> WHAT TO PRODUCE
Please return the data that follows precisely as written, but without the images.

> COLLECTED DATA

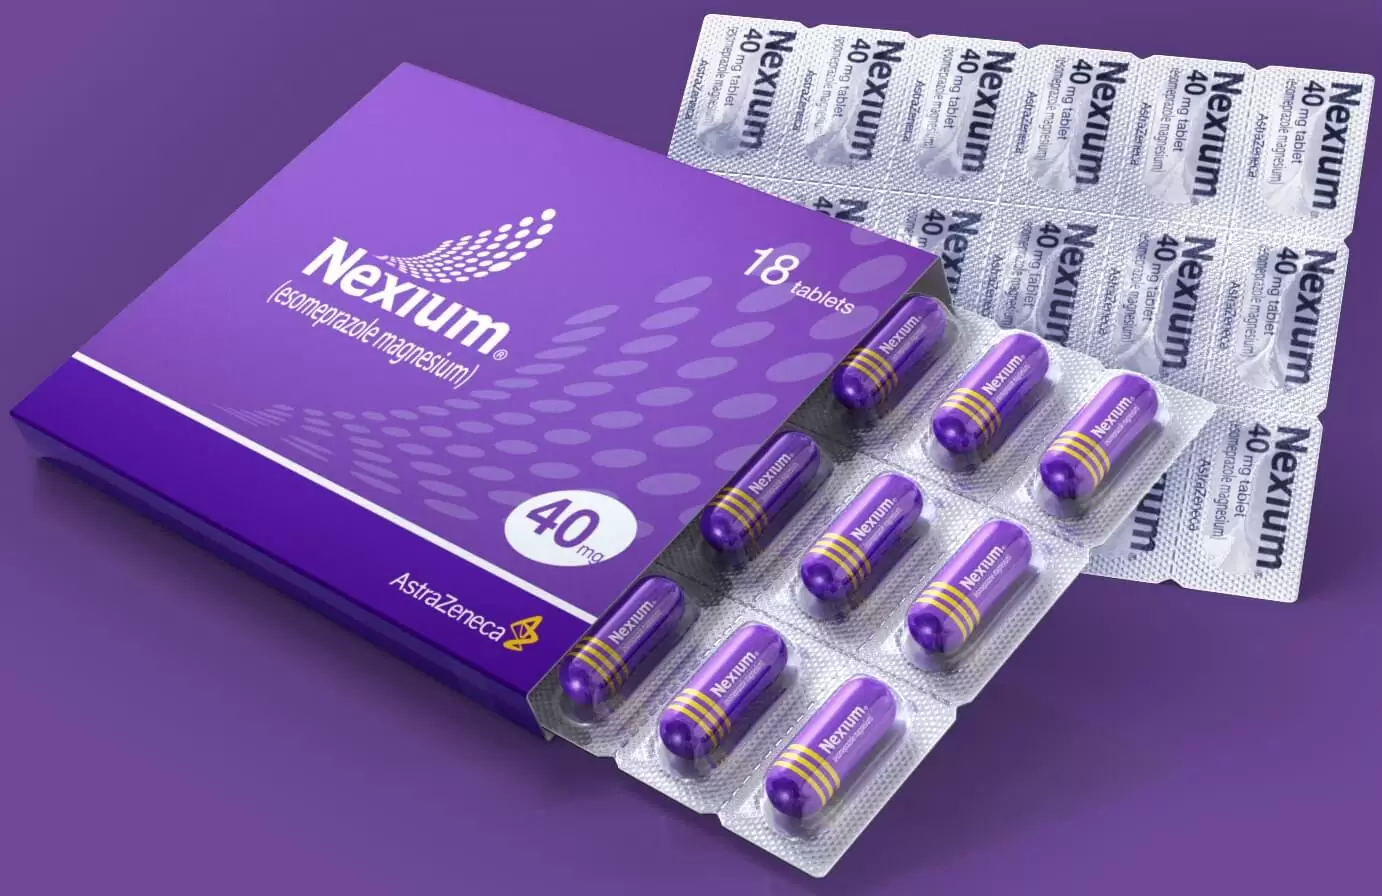 لماذا يستخدم دواء nexium
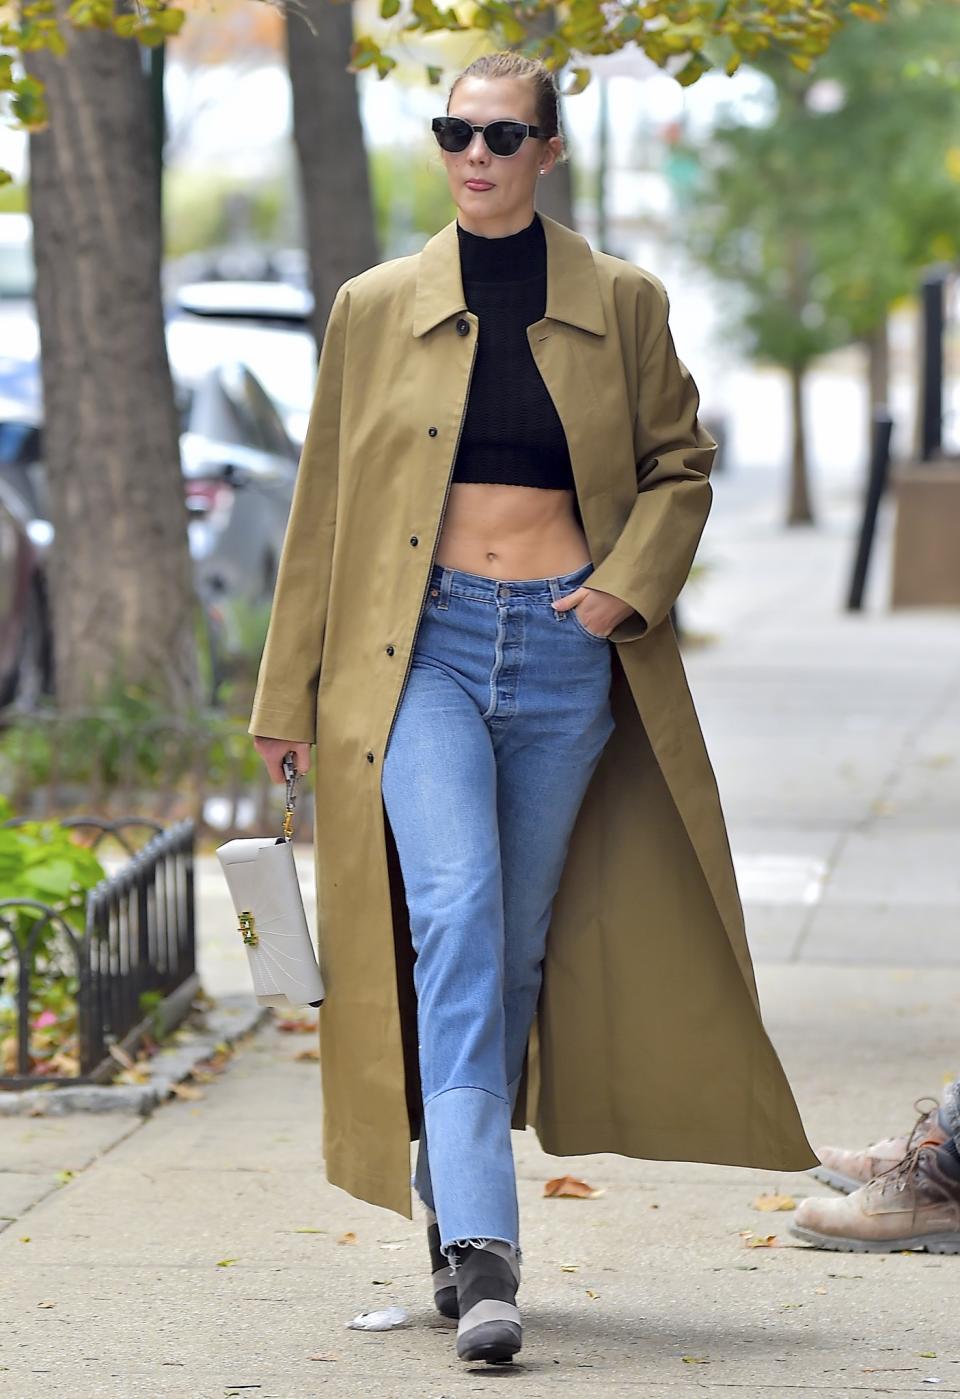 Karlie Kloss stylt den Bridging-Look mit Jeans und Wollmantel. (Bild: Getty Images)
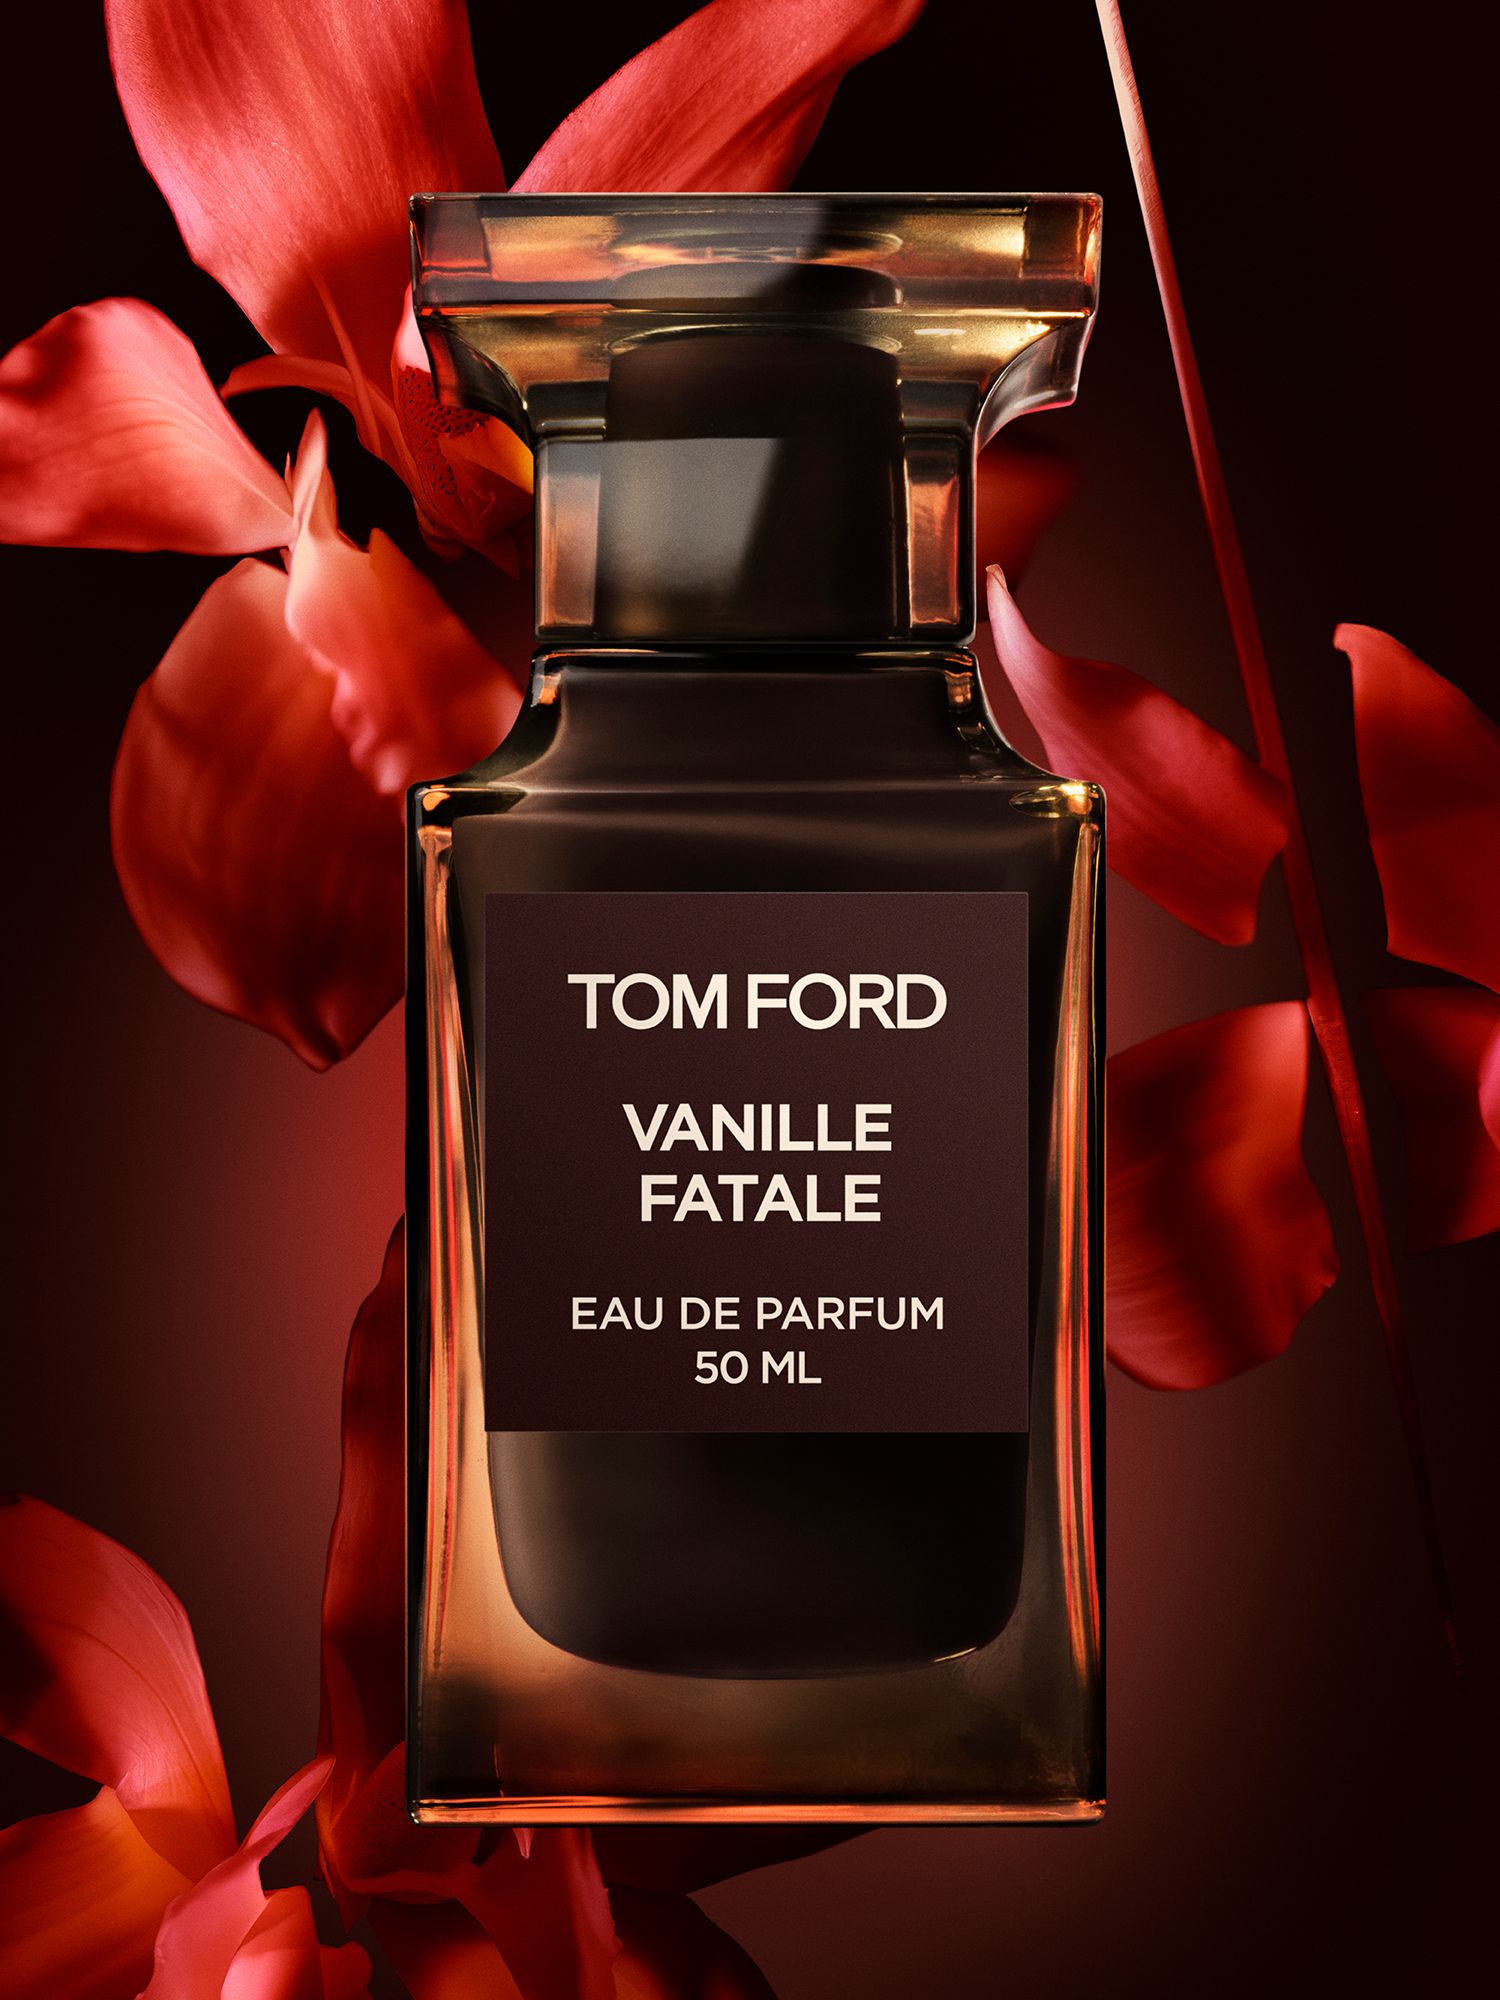 TOM FORD Private Blend Vanille Fatale Eau de Parfum, 50ml

> TASK ANSWER
 لماذا يستخدم دواء nexium
 Karlie Kloss stylt den Bridging-Look mit Jeans und Wollmantel. (Bild: Getty Images)
 TOM FORD Private Blend Vanille Fatale Eau de Parfum, 50ml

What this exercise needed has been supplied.